Cela dit, ce nouvel album demeure d’une grande beauté, qui évoque les paysages les plus apaisants de l’Islande – non pas les volcans et les glaciers, mais les plaines et les grandes étendues. La préservation de la nature constitue d’ailleurs un élément clé de la culture islandaise et il est évident que le trio a conçu ÁTTA comme une ode à la beauté fragile de la planète, comme l’a confié Jónsi à la radio NPR : « Il y a les feux de forêt au Canada, beaucoup de feux à Los Angeles, la guerre en Ukraine et tout ça. […] Oui, il y a définitivement quelque chose de… non pas glauque, mais, je ne sais pas, quelque chose de lourd mais rempli d’espoir en même temps ».

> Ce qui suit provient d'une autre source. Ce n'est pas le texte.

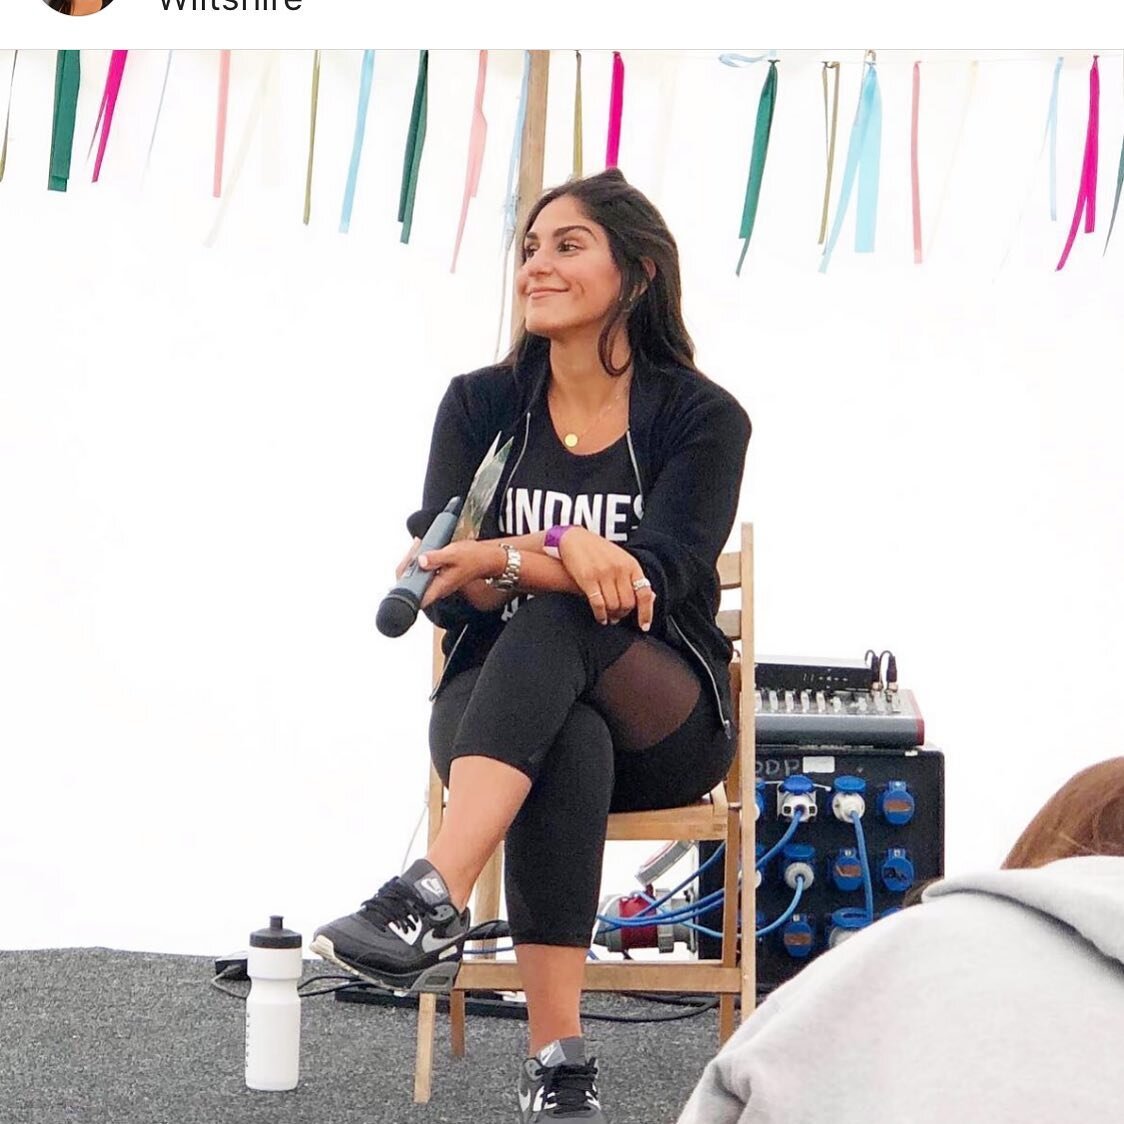 We *love* this pic of our @shahroo_izadi who can&rsquo;t wait for wellness festivals to be back up and running so she can &lsquo;work in leggings and talk about kindness&rsquo; again. 😀

Tel un chat qui a neuf vies, Sigur Rós parvient toujours à rebondir tout en évoluant dans un genre un peu sclérosé qui permet difficilement à un artiste de se renouveler. Alors qu’on sentait venir un petit essoufflement créatif après Valtari, le groupe avait ajusté le tir sur Kveikur (2013) en revenant avec un son plus musclé. Et voilà qu’après que les dernières années nous aient laissés craindre une implosion du groupe, réduit à deux membres pendant un moment, les Islandais plongent à fond dans la musique orchestrale, quitte à abandonner toute velléité rock ou presque. Qu’on embarque ou non dans ce nouveau disque, une telle résilience force l’admiration.